Hello I'm trying to calculate the following without using Divergence theorem.
Given the vector field $F(x,y,z)=(xy+2xz,x^2+y^2,xy-z)$ and the surface of the cylinder $x^2+y^2=4$ bound by the planes $z=y-2$ and $z=0$ calculate the outward flux.
So I tried to set up the surface integral by parameterizing the surface into two pieces $f(x,y,z)=(\sqrt{4-y^2},y,z)$ and $g(x,y,z)=(-\sqrt{4-y^2},y,z)$ and the bounds of integration y-2<z<0 and -2<y<2. I calculate the normal of the surface to be $(\pm 1, \frac{y}{\sqrt{4-y^2}},0)$ so then I calculate the unit normal to be $(\pm\frac{\sqrt{4-y^2}}{2},\frac{y}{2},0)$ and set up the integral and get $\int^2_{-2}\int^0_{y-2}4ydzdy$. But the correct answer is $-12\pi$. So my question is what should the correct integral be, and where am I going wrong?
Best Answer
First of all, it is always good practice to choose a parametrization that represents the whole surface.
Secondly, $-12 \pi$ is incorrect answer unless there are typo in the question.

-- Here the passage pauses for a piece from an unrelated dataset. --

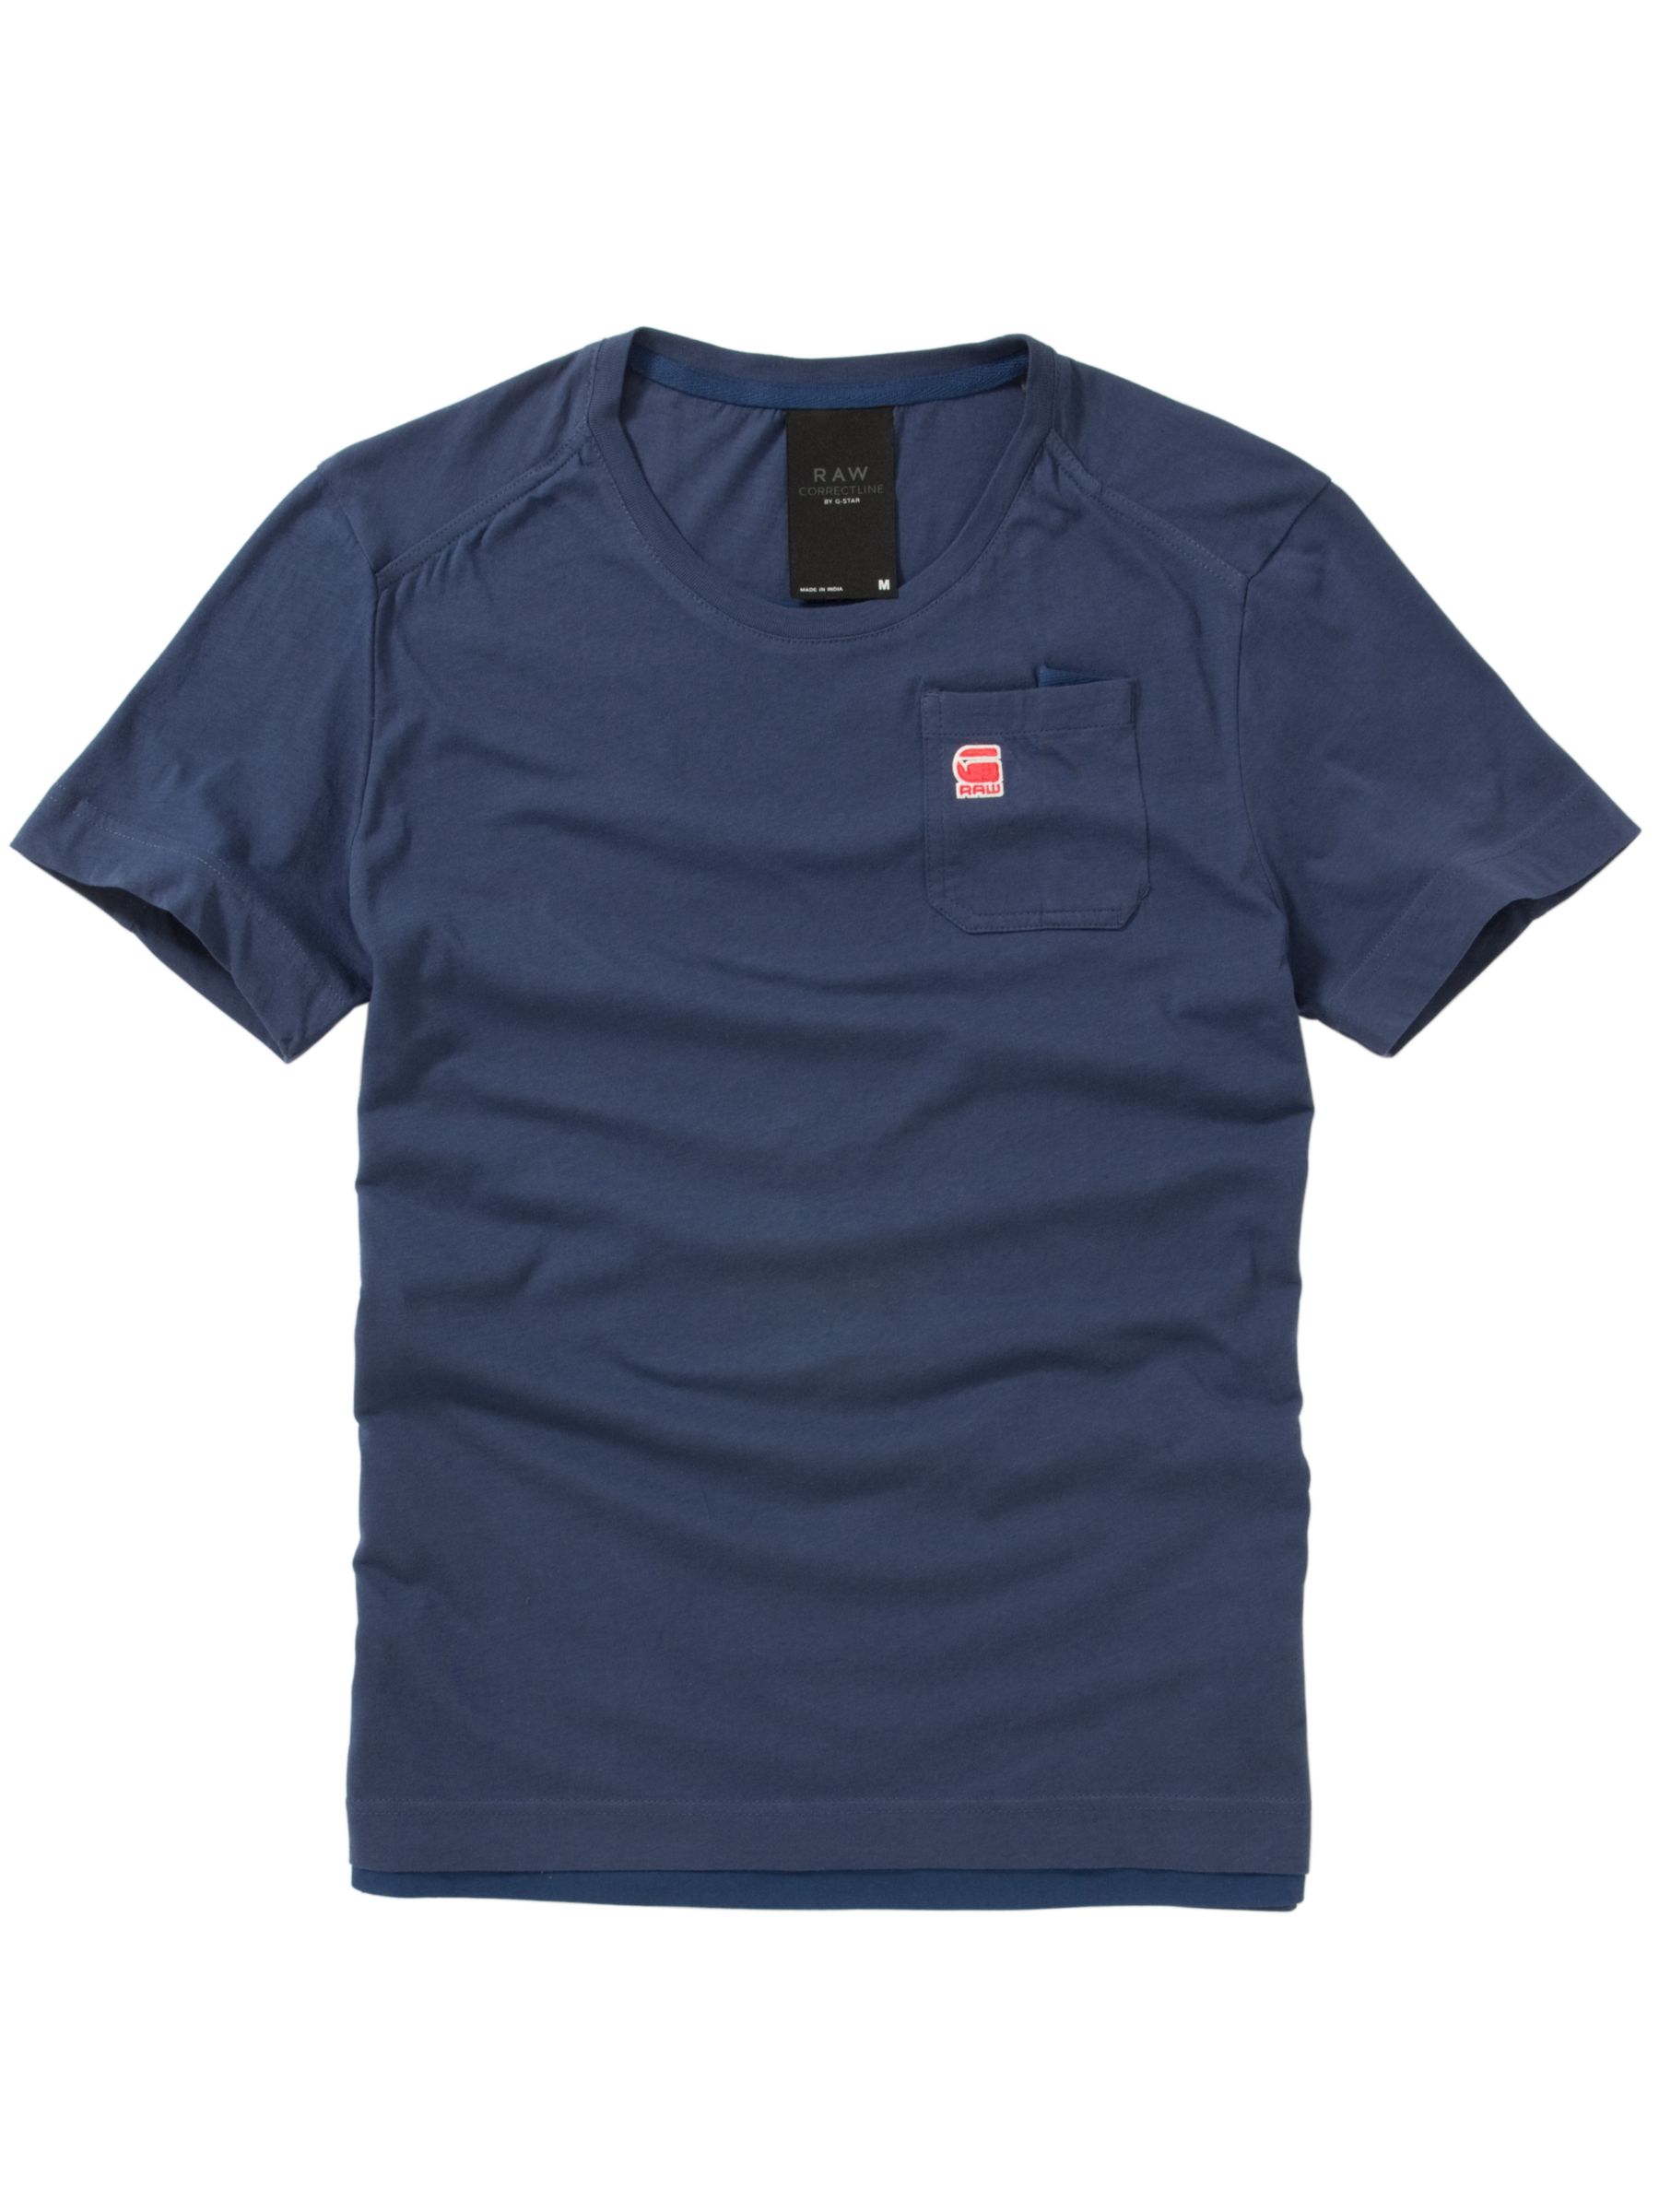 Harold Crew Neck T-Shirt, Riviera Blue

Thirdly, there must be mistakes how you arrived at the final integral. It does not simplify to what you wrote. Also note that if you do the dot product with unit normal vector, you will have to use a factor to map surface area element to area of the projection in yz plane. Here is the correct integral using your approach,
The unit normal vector is $ \hat n = \left(\cfrac{x}{2}, \cfrac{y}{2}, 0 \right)$
So, $\vec F \cdot \hat n = x^2 (y + z) + \cfrac{y^3}{2}$
Now using $x = \sqrt{4-y^2}$ and $ds = \sqrt{1 + (x')^2} \ dy \ dz$, the integral is,
$\displaystyle 2 \int_{-2}^2 \int_{y-2}^0 \left((4-y^2) (y + z) + \frac{y^3}{2} \right) \frac{2}{\sqrt{4-y^2}} \ dz \ dy$
$ = - 40 \pi$
In fact, you can confirm this result using divergence theorem.
Here is what would be a better parametrization given it is a cylinder,
$r(\theta, z) = (2\cos\theta, 2 \sin \theta, z), 0 \leq \theta \leq 2\pi, 2 \sin\theta - 2 \leq z \leq 0$
$r_{\theta} \times r_z = (2 \cos\theta, 2\sin\theta, 0)$
$ \vec F(x,y,z)=(xy+2xz,x^2+y^2,xy-z)$
So, $\vec F (r(\theta, z)) = (2 \sin2\theta + 4z \cos\theta, 4, 2 \sin2\theta - z)$
$\vec F \cdot (r_{\theta} \times r_z) = 4 \sin2\theta \cos\theta + 8 z \cos^2\theta + 8 \sin\theta$
So integral is,
$\displaystyle \int_0^{2\pi} \int_{2 \sin\theta - 2}^0 (4 \sin2\theta \cos\theta + 8 z \cos^2\theta + 8 \sin\theta) \ dz \ d\theta = - 40 \pi$
After you integrate wrt $z$ and while integrating wrt $\theta$, you can avoid integrating functions whose integral is zero over $(0, 2\pi)$. That should simplify working to some extent.